Yank (representing the working man?) is the natural leader amongst the stokers on a transatlantic liner, where the play starts. A visit by a posh girl, an industrialists daughter who seems to regard her sojourn below deck as an exciting adventure to see another species in their natural habitat, results in her insulting him – ‘a filthy beast’. When in port in NYC, Yank’s walk on 5th Avenue is just as alien for him and, with the insult ringing in his ears, he hits out, resulting in a prison spell. Here he hears of a new union which he seeks to join on release, but his unbelievability means they think he’s a spy and reject him. He heads for the zoo where attempts to communicate with a hairy ape (filthy beast) result in tragedy.

It’s nothing like his intense naturalistic dramas, and it’s not a great play, but it is fascinating if you’re interested in 20th century drama, particularly American drama, and O’Neill in particular. At Southwark Playhouse, every aspect of this production comes together to create a stunning staging – director Kate Budgen. Jean Chan’s design makes brilliant use of this atmospheric space in traverse form with a central crossing. A grill and some smoke conjours up the engine room, a pair of ropes the ship’s deck and a handful of hospital screens, rope replacing fabric, turn into seven prison cells. Crowded 5th Avenue is more crowded with each actor carrying a manequin head. Richard Howell’s lighting does much to aid these transformations, as does Tom Gibbons sound scape (the final scene, in virtual darkness, is particularly effective). The opening is also superb, as the men seem to rise as one from the bowels of the ship – this, and the rest of Lucy Cullingford’s  movement work, is outstanding.

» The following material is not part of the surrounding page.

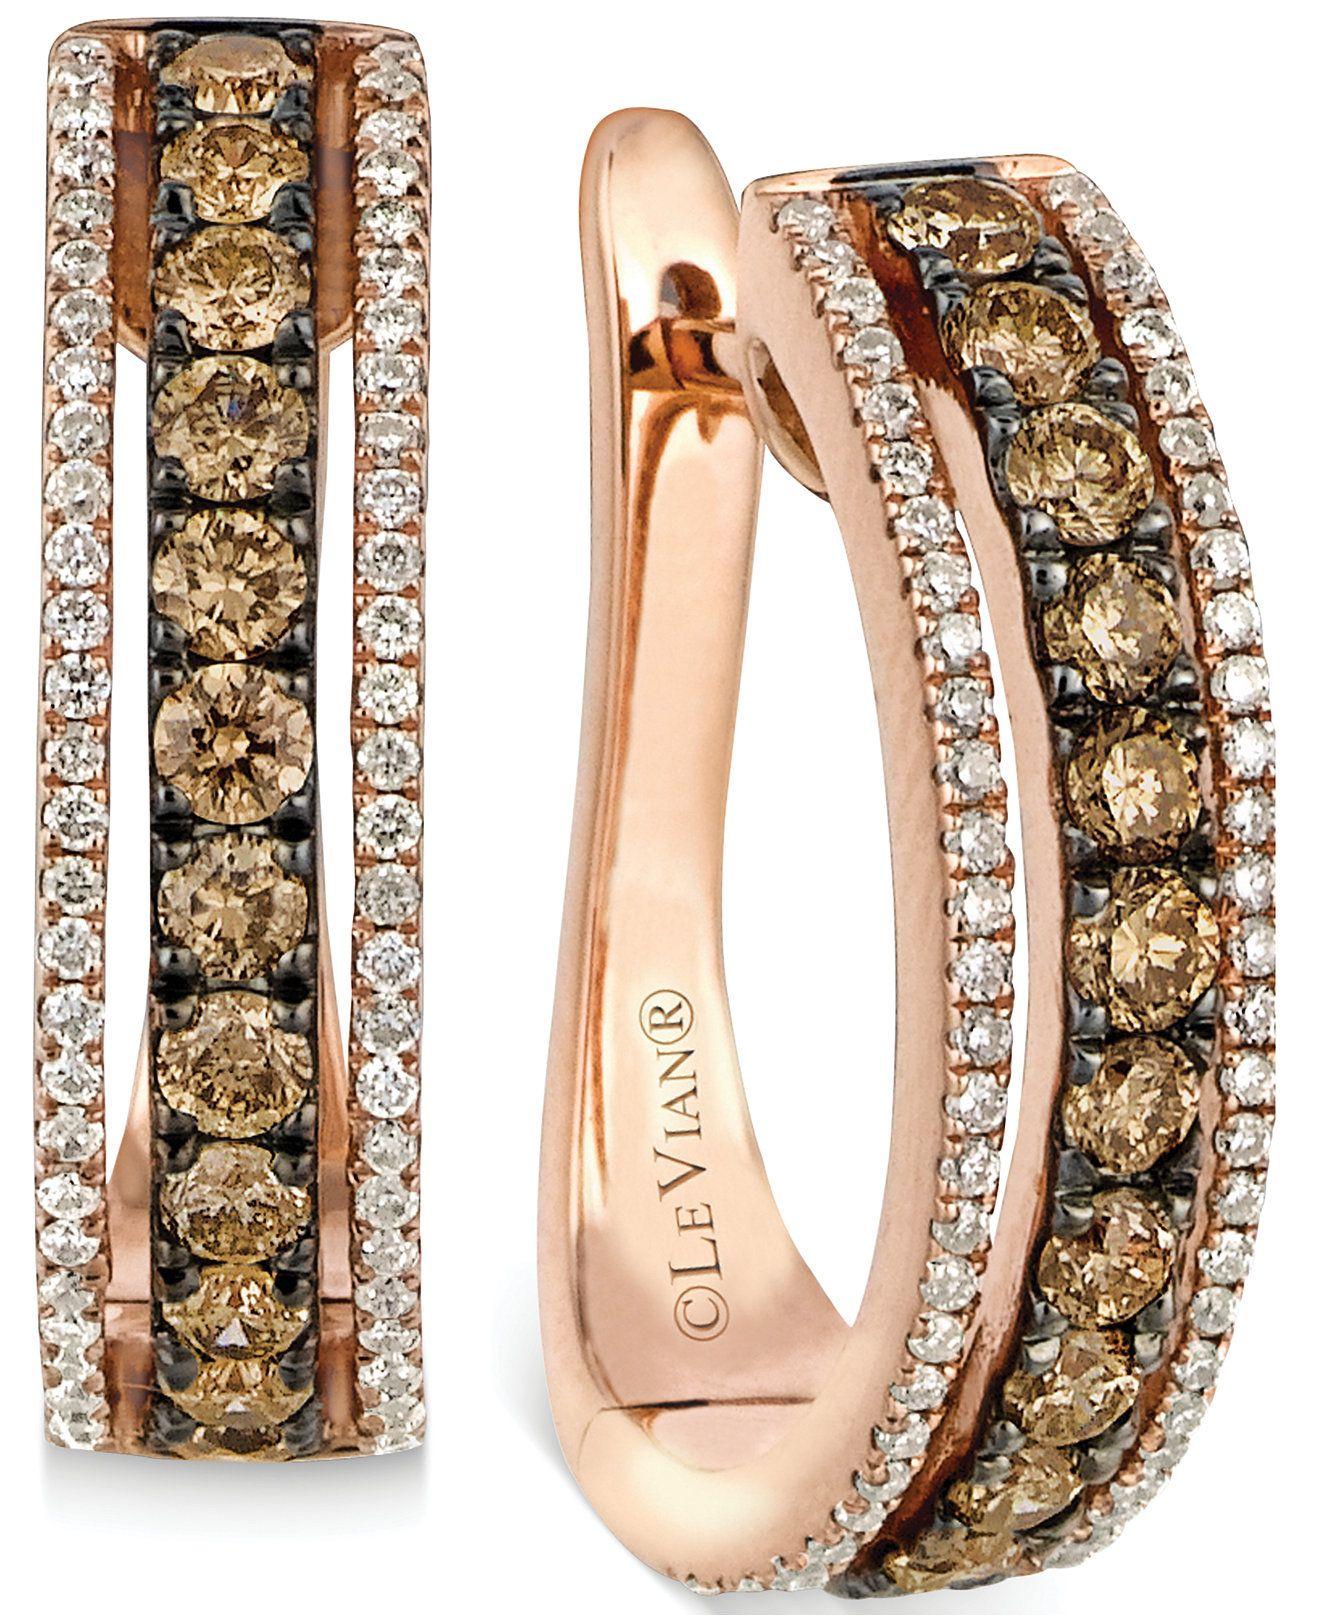 Le Vian Chocolate and White Diamond Hoop Earrings in 14k Rose Gold

There isn’t a fault in the casting and sometime Corrie bad boy Bill Ward is a revelation as Yank. It couldn’t be much further from his last job, Million Dollar Bash, as the only non-singing character. Here he brings huge passion and conviction to the role and the transition when he leaves his comfort zone, and his leadership position, is completely believable.

A must in my book – a fringe theatre showing how talented people can create great theatre on a shoestring. An unmissable opportunity to catch that rare species – an early 20th century play with bite.